With the market wide open for use of compressed natural gas (CNG) as a fuel for vehicles, the main constraint hampering expansion is the availability of refueling stations due to their high up-front capital cost. CNG stations cost about $400 thousand each for small CNG time-fill stations generating less than 6,000 dge per month and $800 thousand each for mid size, stations generating less than 20,000 dge per month to $1.5 million each for large stations generating up to than 20,000 dge per month and $2.5 million each for high capacity stations generating up to 80,000 dge per month. This impediment can be overcome on the short-term basis by expanding the conversion of vehicles to CNG and cost sharing between local fleet owners. Long-term, expanded use into the public sector, improved reliability of key systems and innovative compressor designs can help to reduce station costs.

The compass points towards a tremendous opportunity for broad market adoption of natural as a vehicular fuel. Today, natural gas can rescue our bleeding budgets and bulging trade deficits. No technological advances are needed, only enlightenment. It just requires what Lee Iacocca pleads for in his latest book, Where Have All the Leaders Gone? — the leadership, courage and common sense to move forward.

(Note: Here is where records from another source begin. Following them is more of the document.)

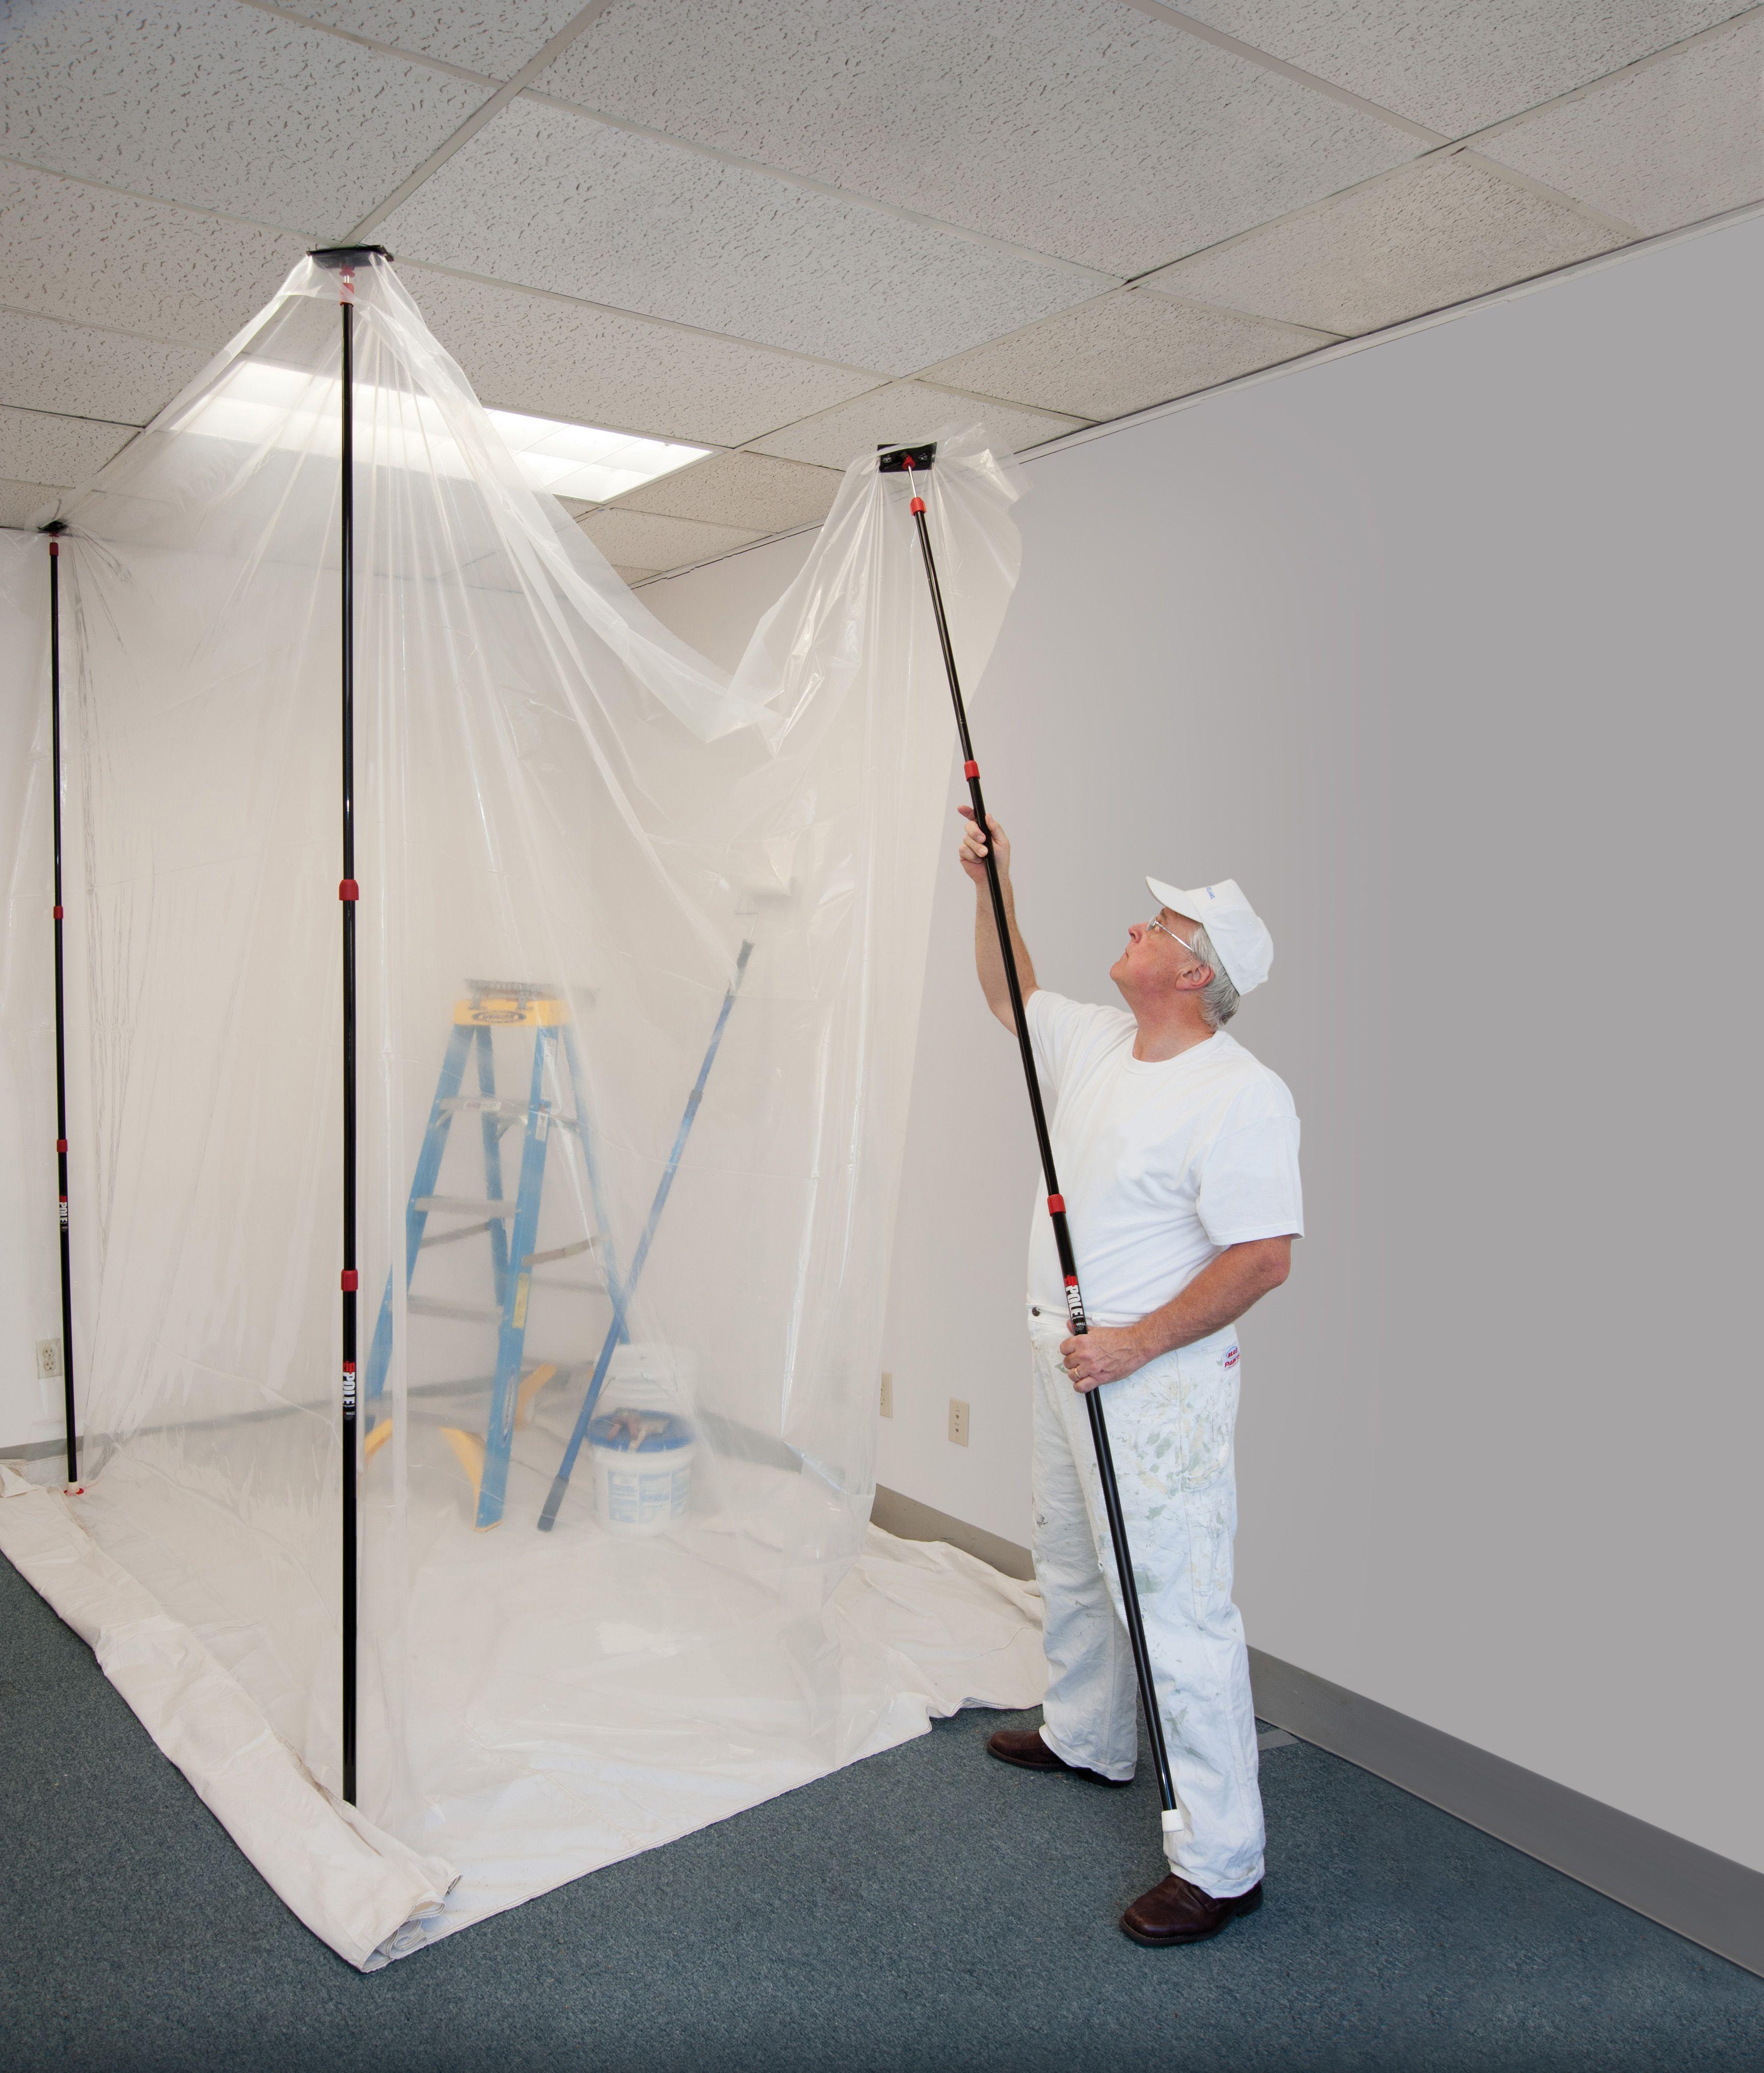 work zone paint spray instructions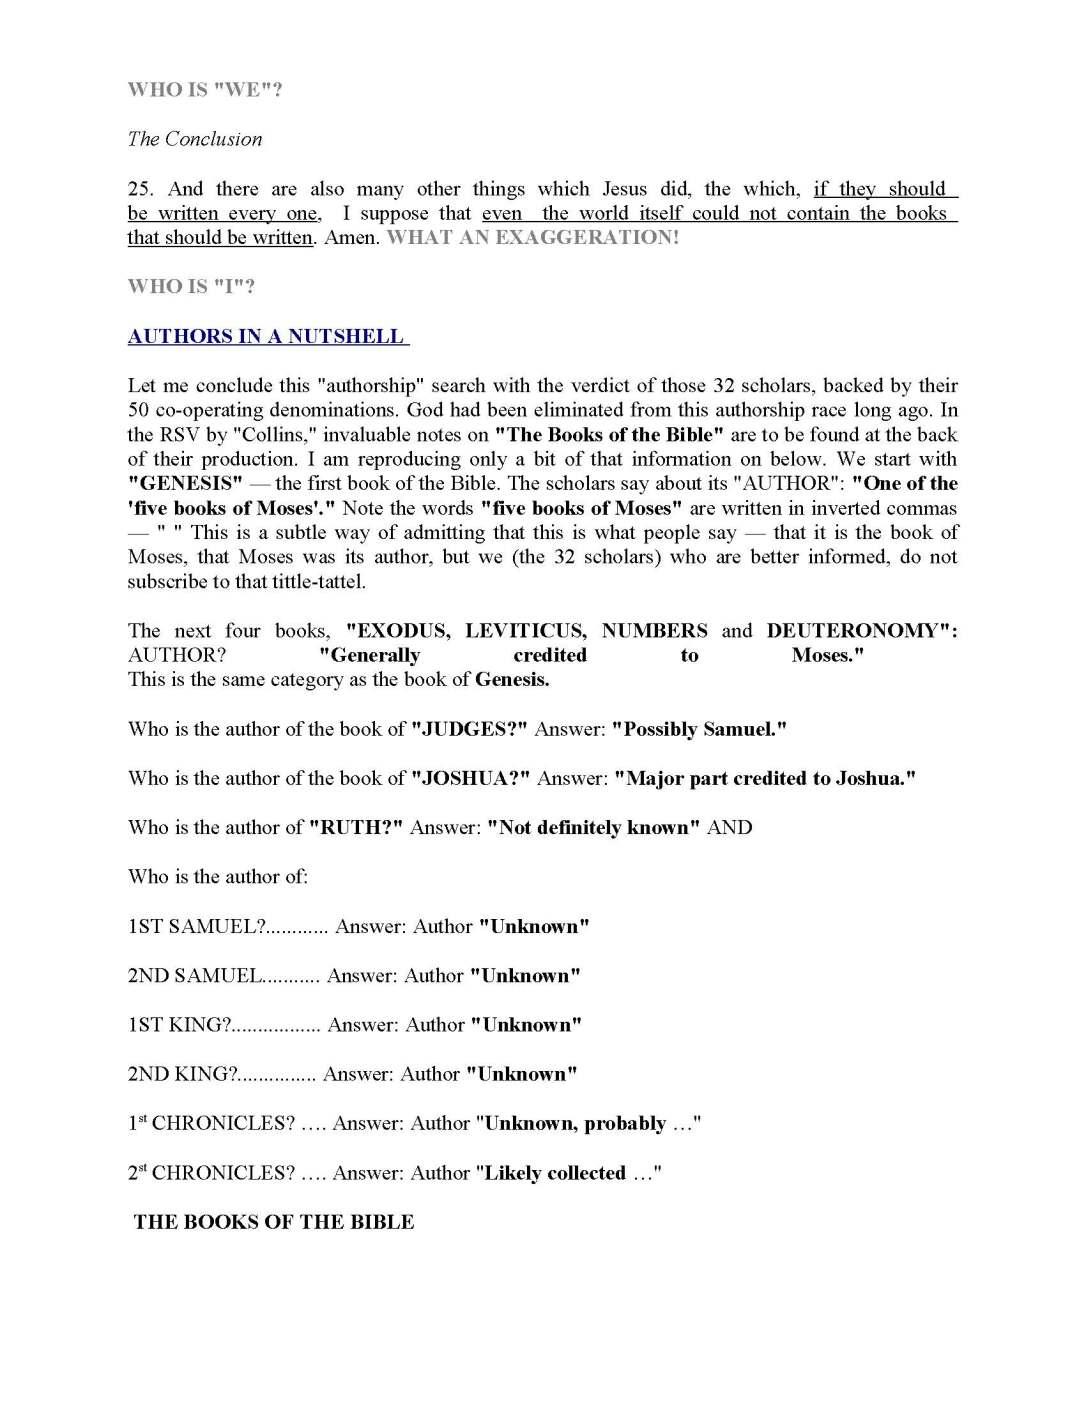 Is The Bible Gods Word [deedat]_Page_42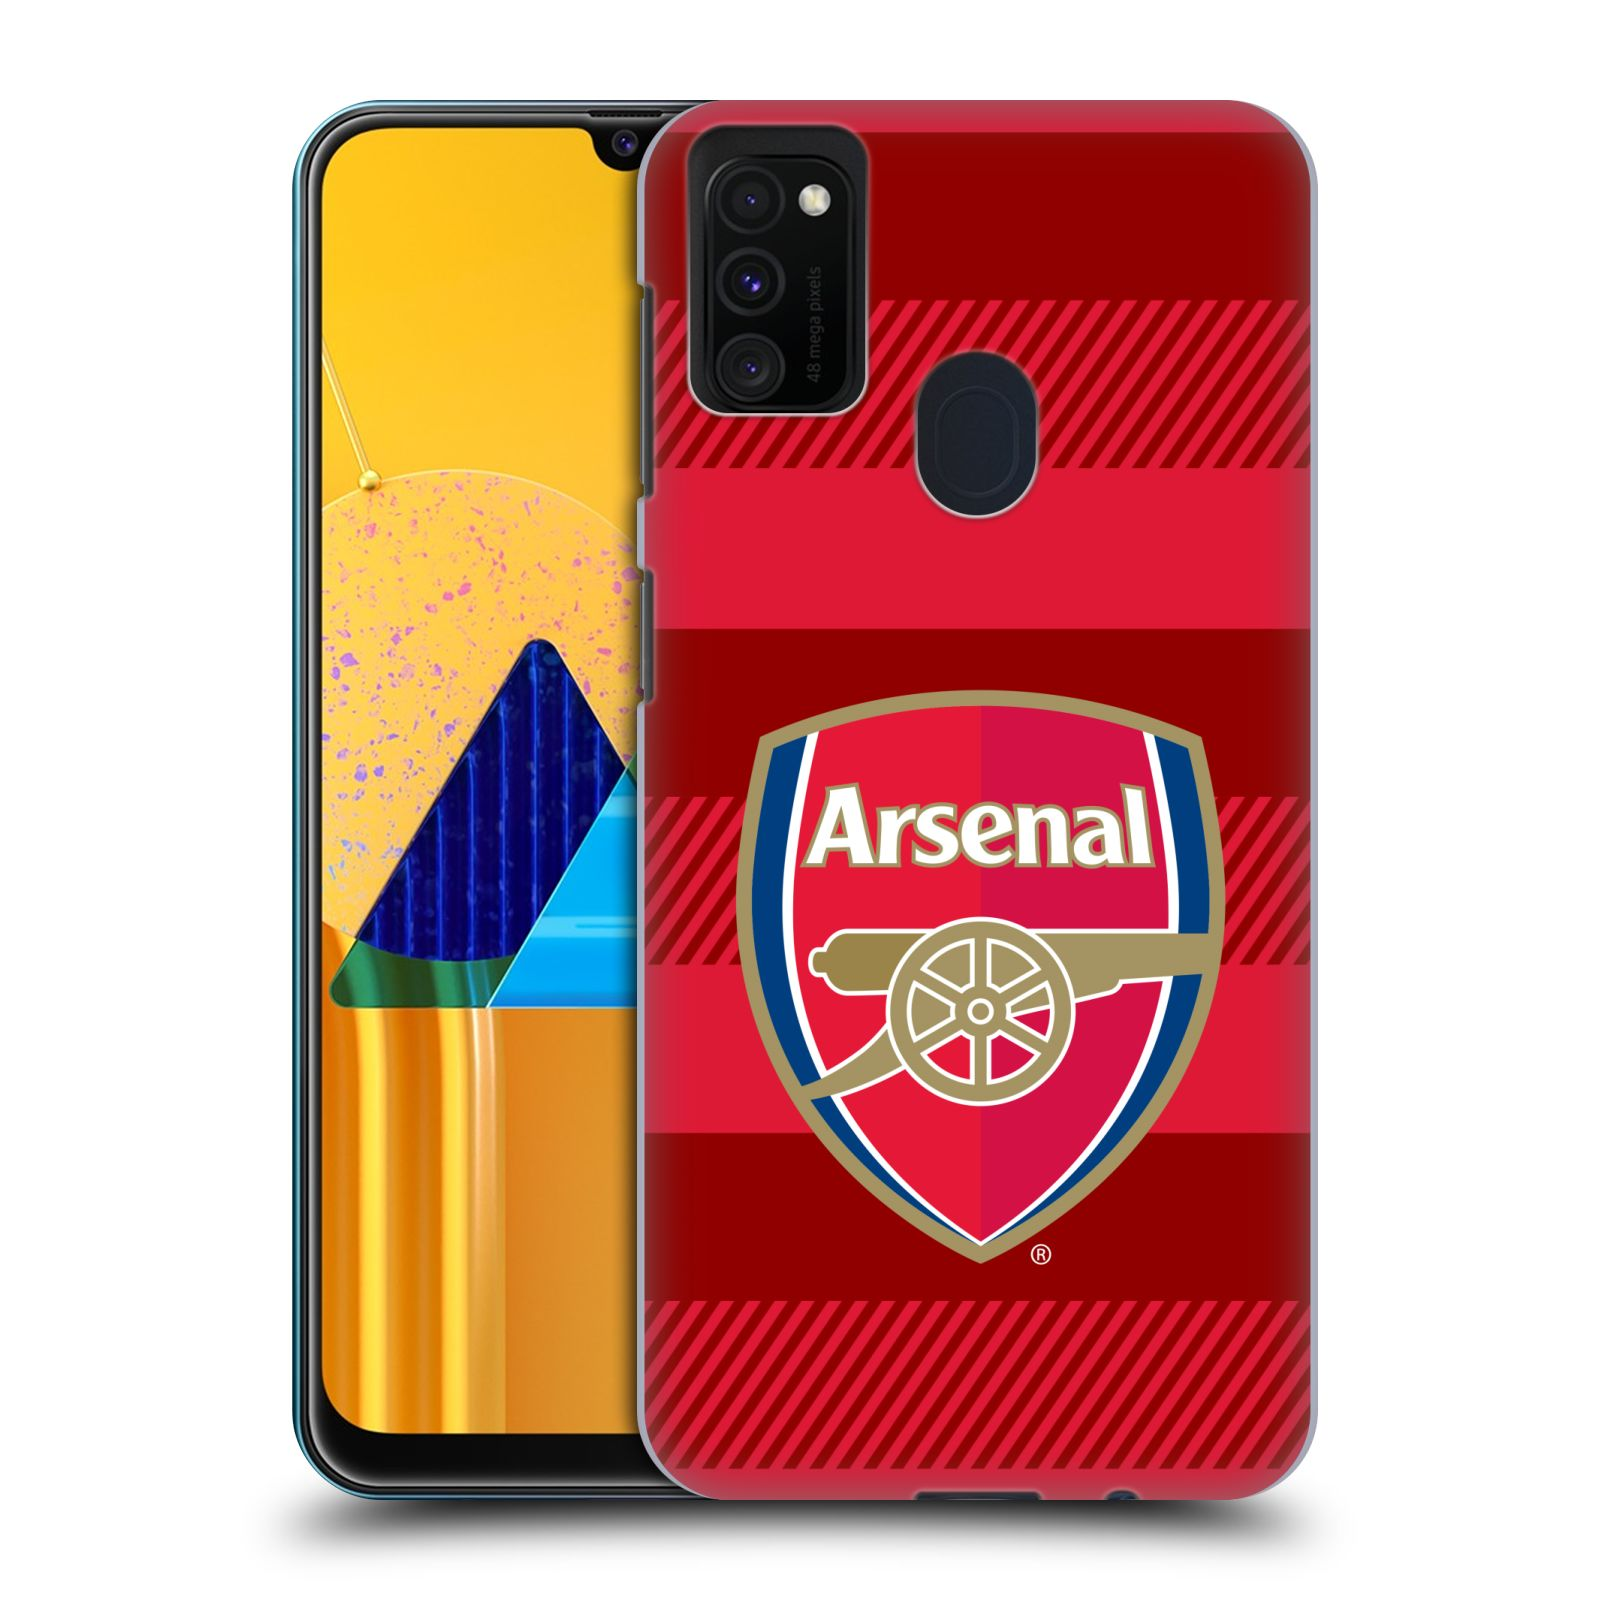 Plastové pouzdro na mobil Samsung Galaxy M21 - Head Case - Arsenal FC - Logo s pruhy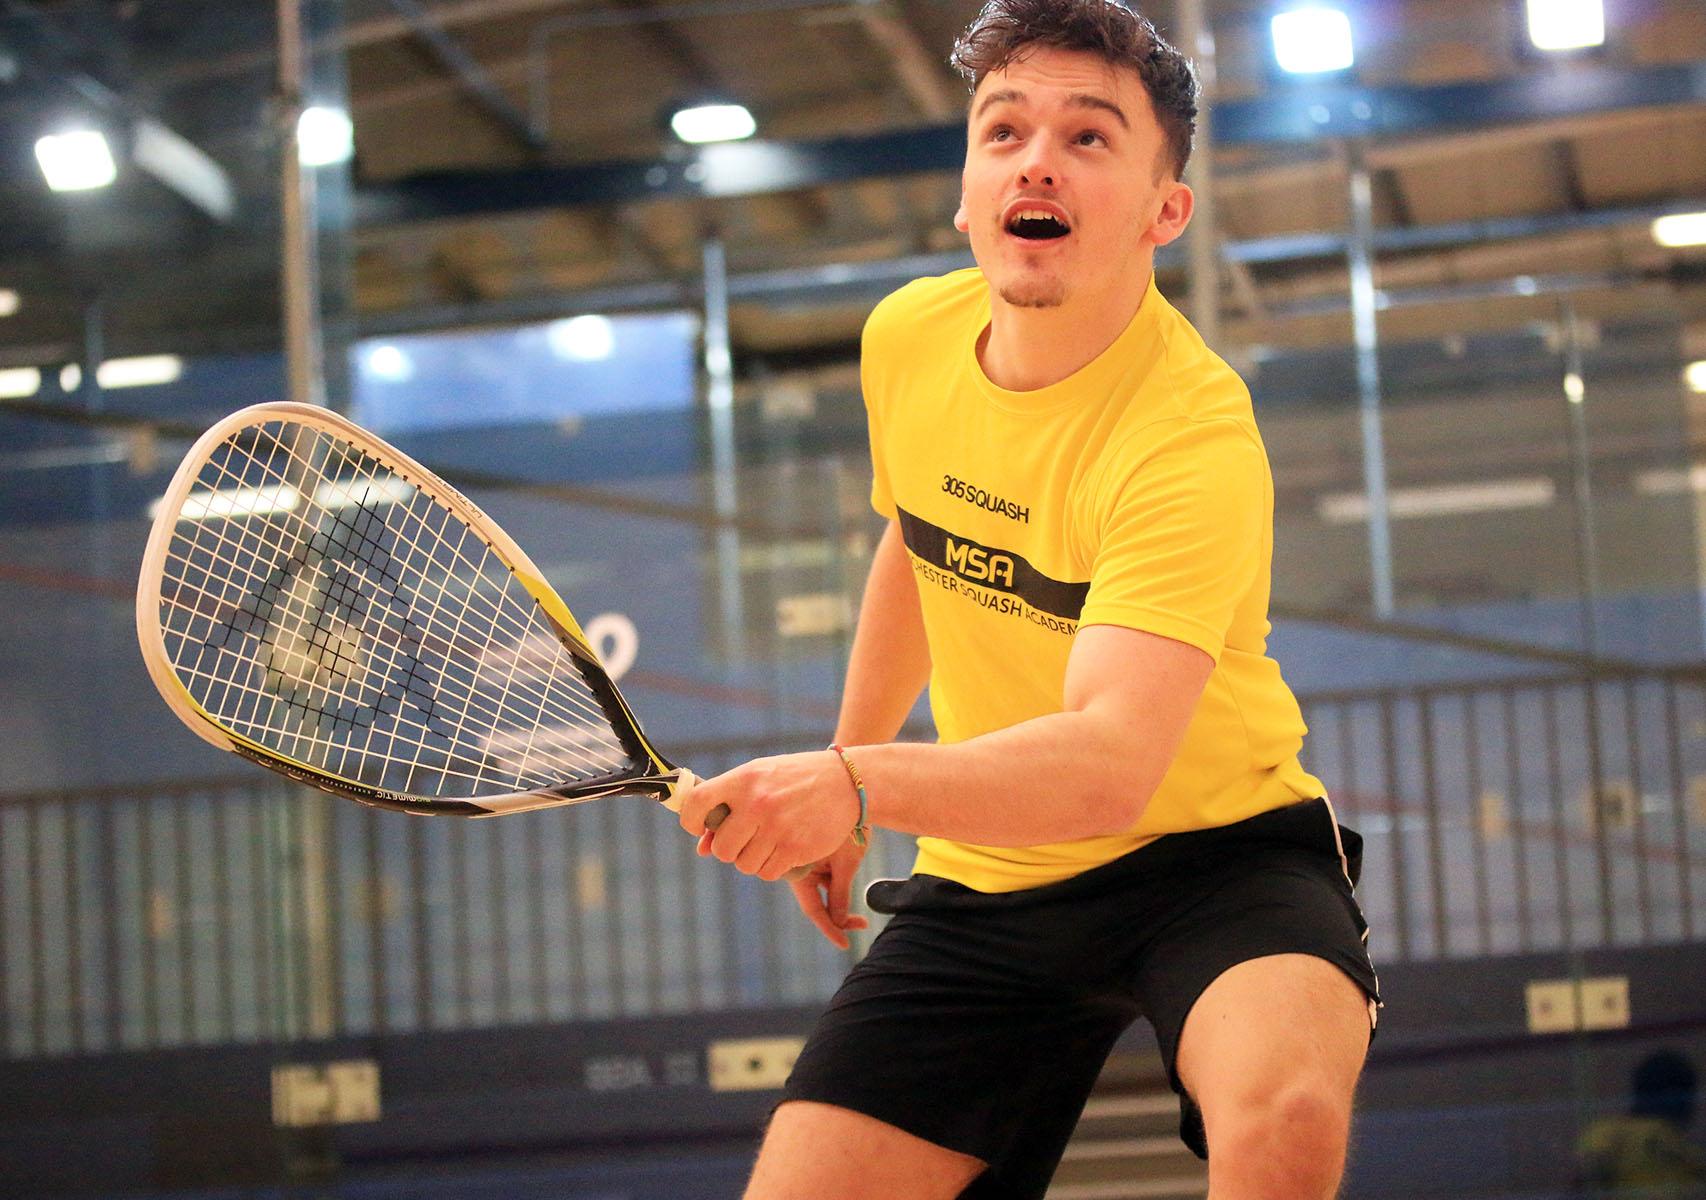 Squash 57 player

Barry Stevens, PhD, is the Managing Director of TBD America, Inc.

2 Comments leave one →
  1. Brian permalink
    November 20, 2011 7:10 AM

    Great article. Do you know of any companies in the Northeast that have converted to NGV’s?

  2. Felix permalink
    November 25, 2011 9:29 AM

    Great article indeed.

    I know of at least one company in Vermont that have converted at least part of their fleet to CNG. Casella Waste was at the Waste Expo this year telling everybody about their experience and plans for a fuelling facility.

    I have a few questions myself that were sparked by reading the article.
    First, when stating that there is enough natural gas to last 100 years, is that at the current rate of demand or is it taking into account the probable increase in demand over a hundred years?
    Second, it is said that hybrids for medium to heavy-duty vehicles are not available or a good option because of performance. There were 4 companies (Bosch, Eaton, Effenco and Parker) offering hybrid systems for these classes at the Waste Expo in Dallas. If I remember correctly, UPS and Coca-Cola are using a lot of these systems on their delivery trucks and an increasing number of public and private waste haulers are trying hybrid technologies on their refuse trucks. Is it still to early to buy into that?
    And third and final, of the 97% North American production, how much actually comes from the US and how much from Canada?